→ What needs to be done:
Retype the listing exactly, with no images.

→ Stored data:
Start of Block
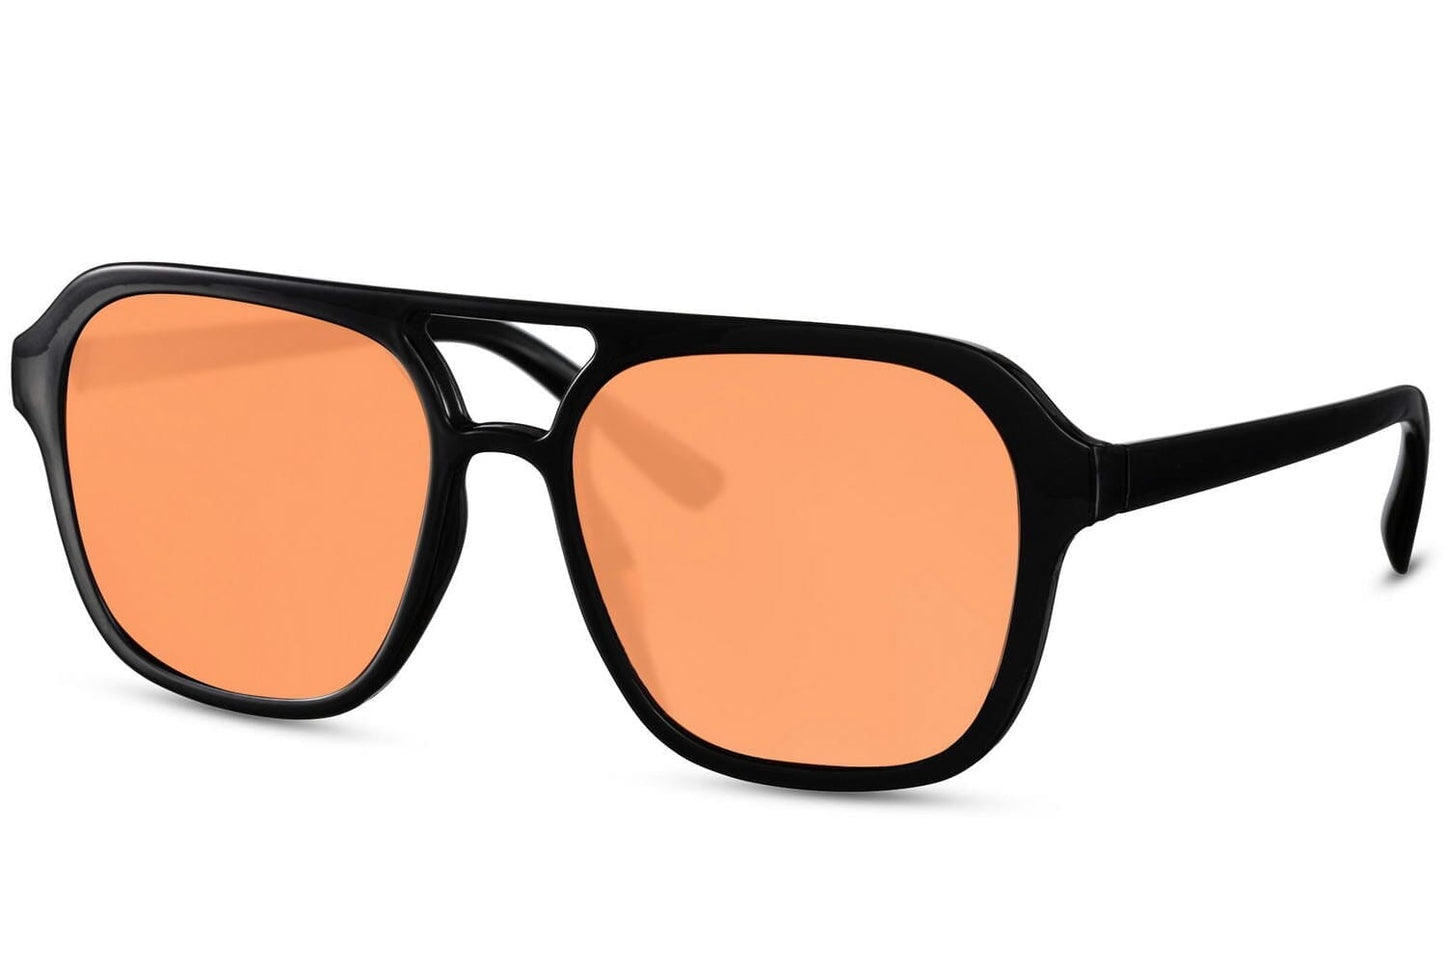 Orange aviator sunglasses. Black frames. UV400 protected.
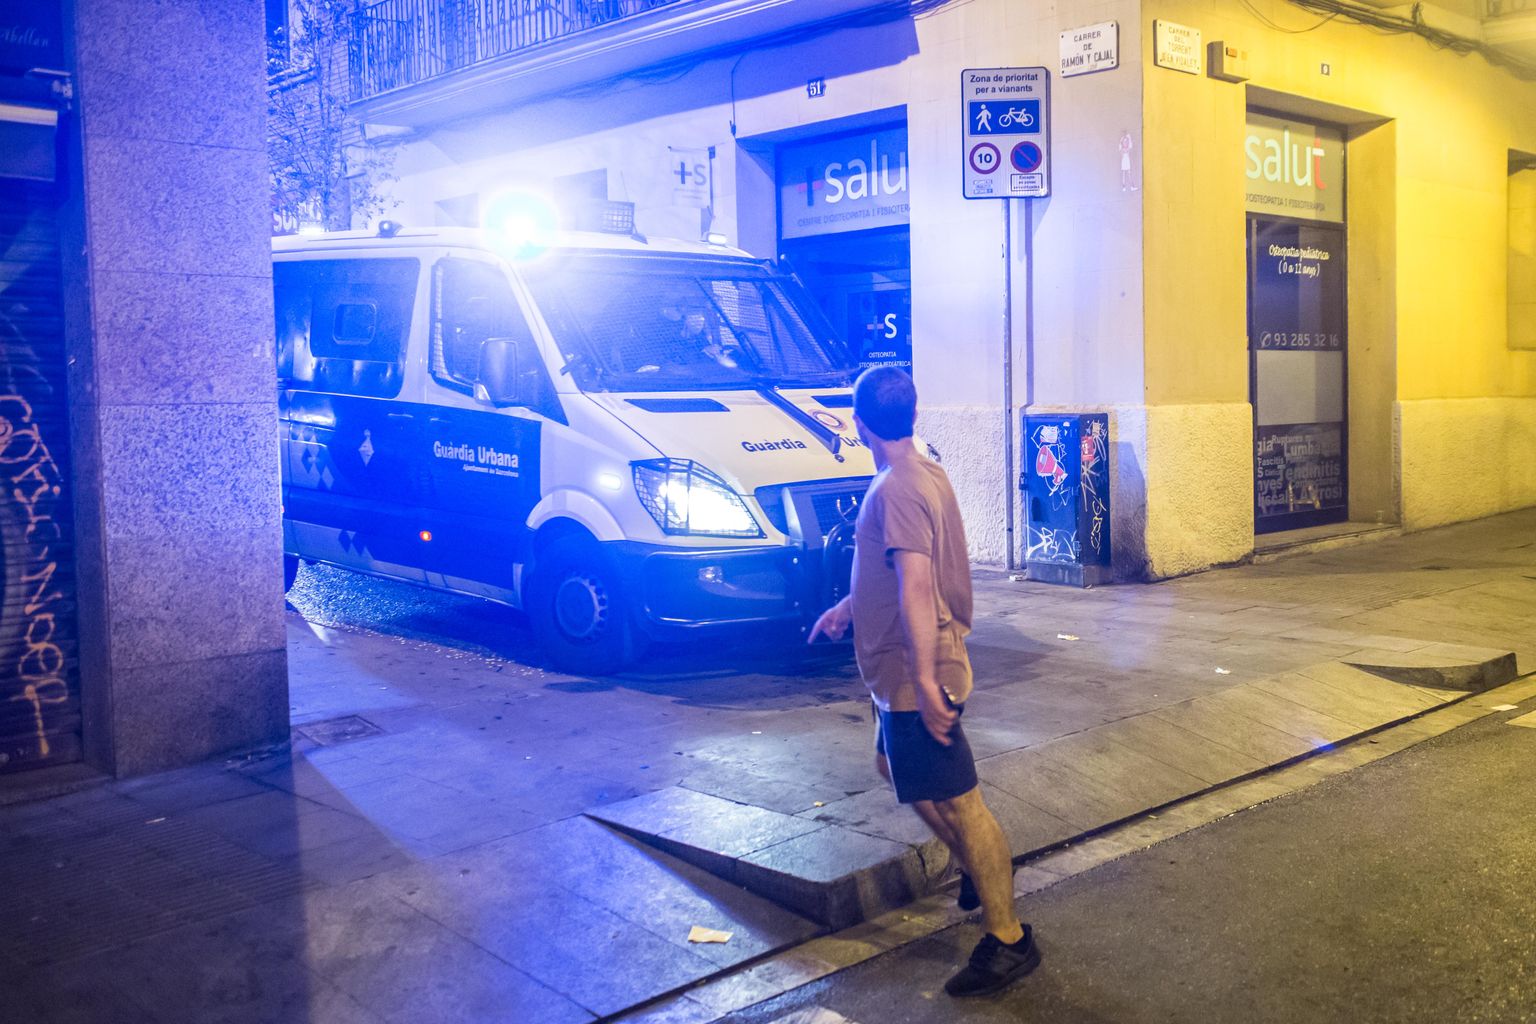 Barcelona politsei. Foto on illustratiivne.
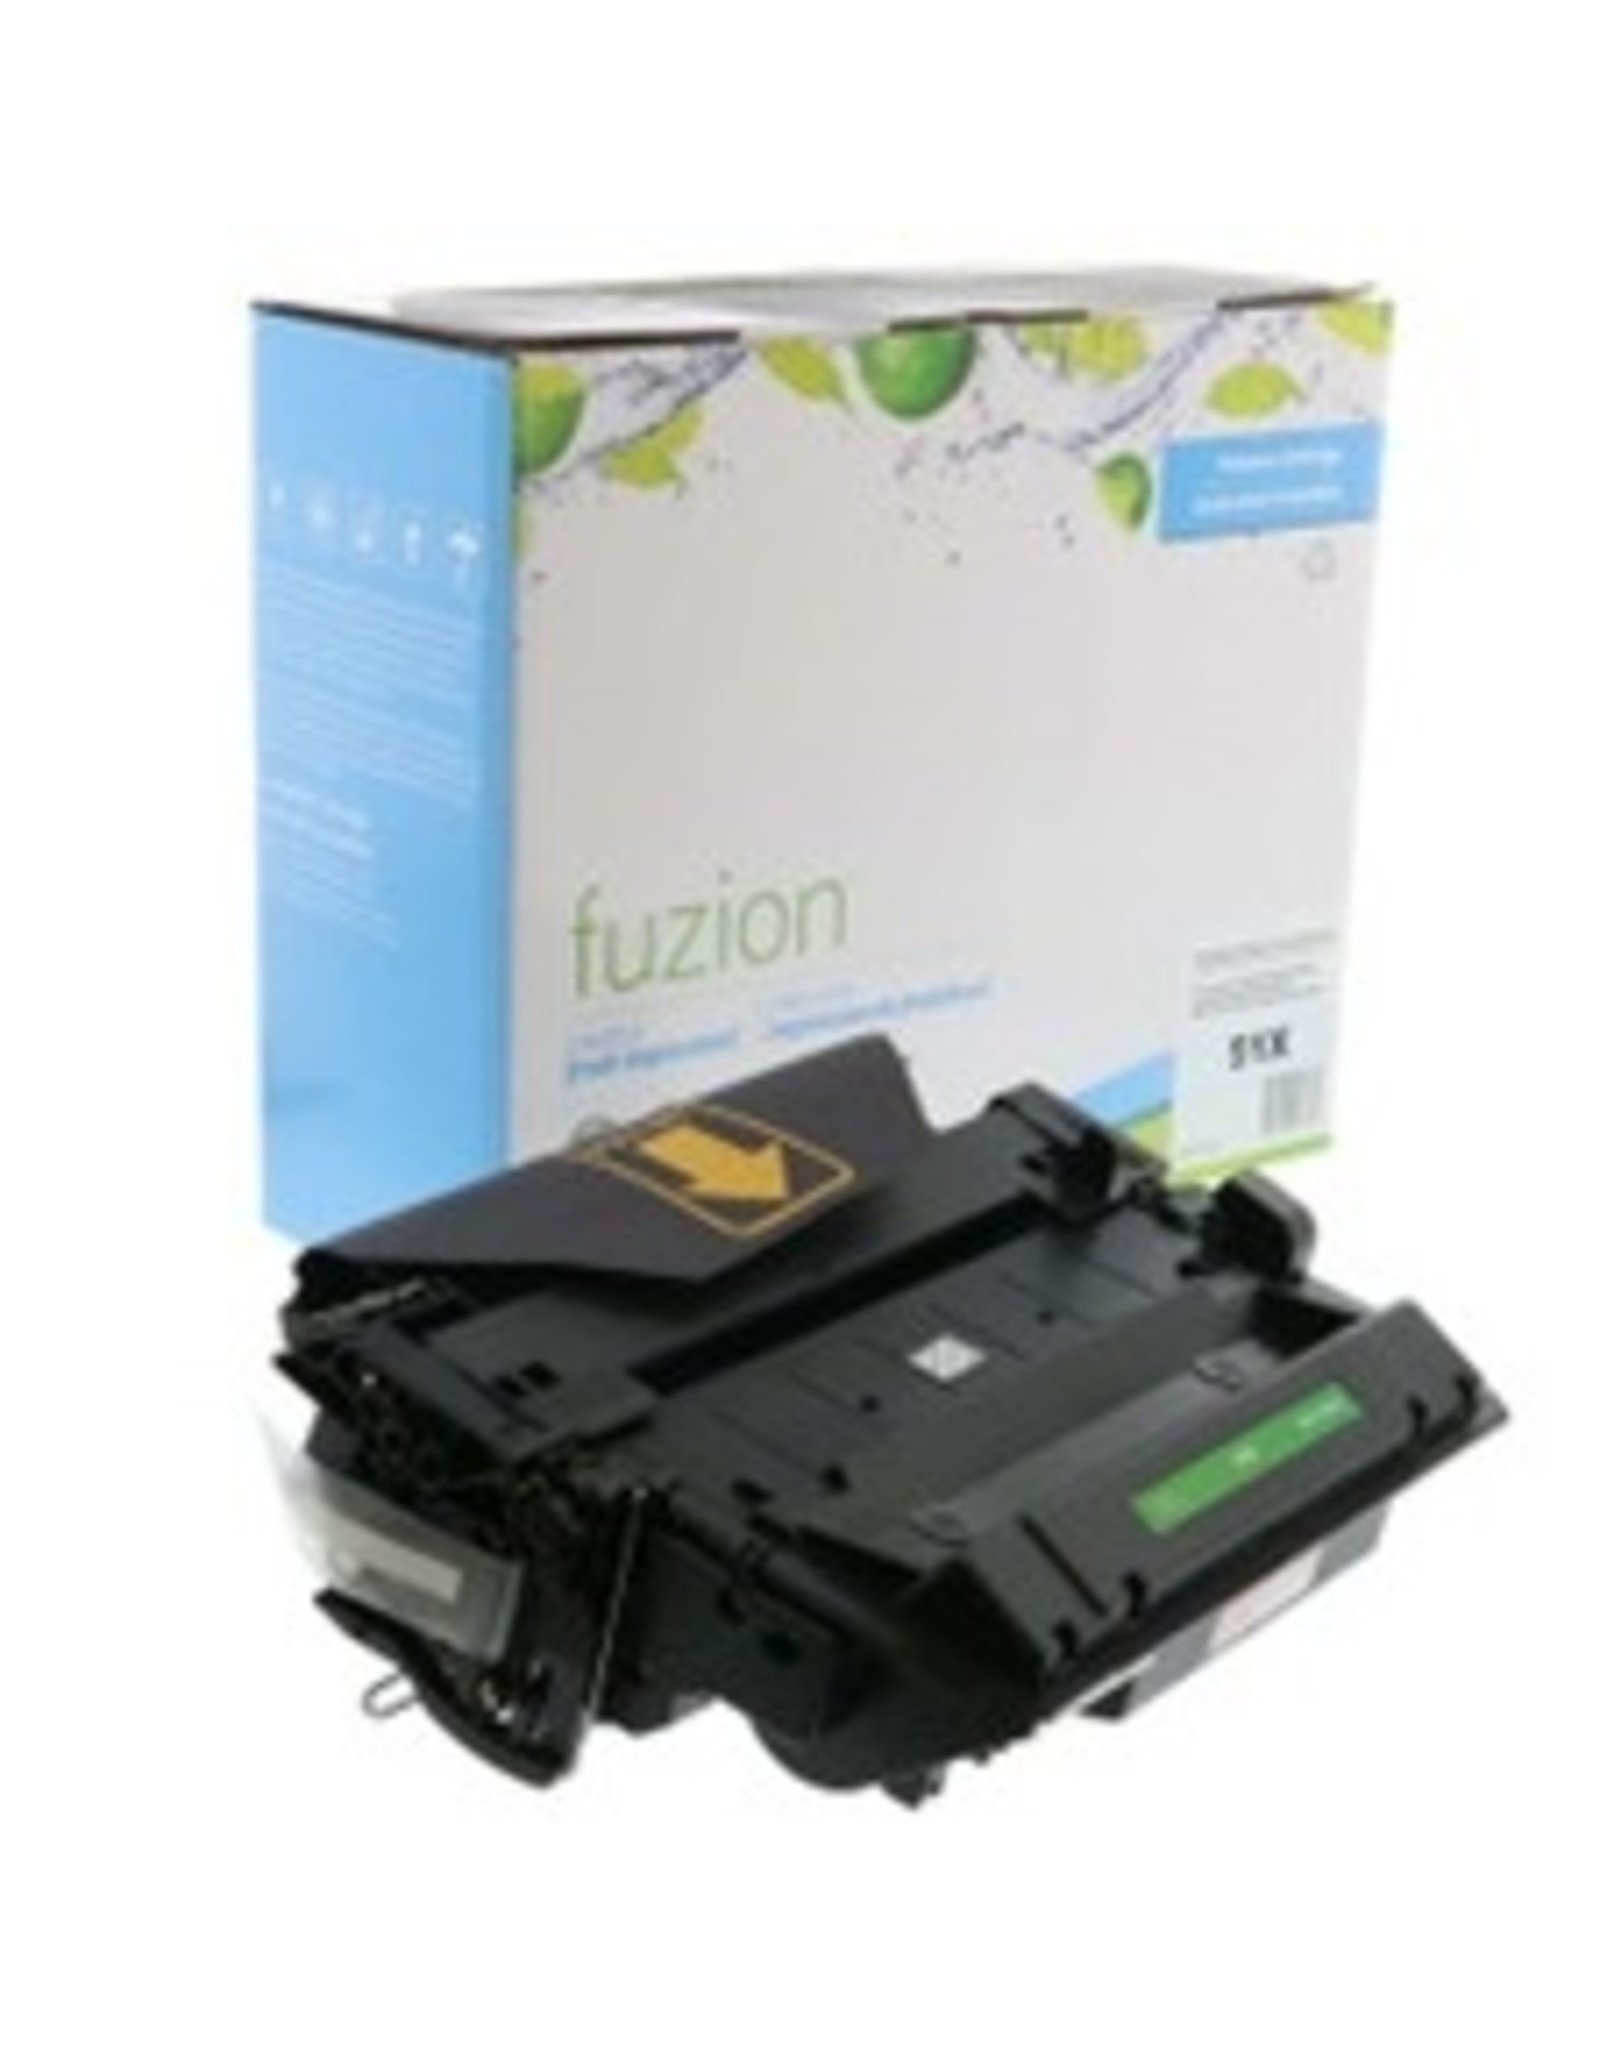 fuzion Toner Cartridge - Alternative for HP 51A - Black
End of Block
→ Task response:
 Orange aviator sunglasses. Black frames. UV400 protected.
 Barcelona politsei. Foto on illustratiivne.
 fuzion Toner Cartridge - Alternative for HP 51A - Black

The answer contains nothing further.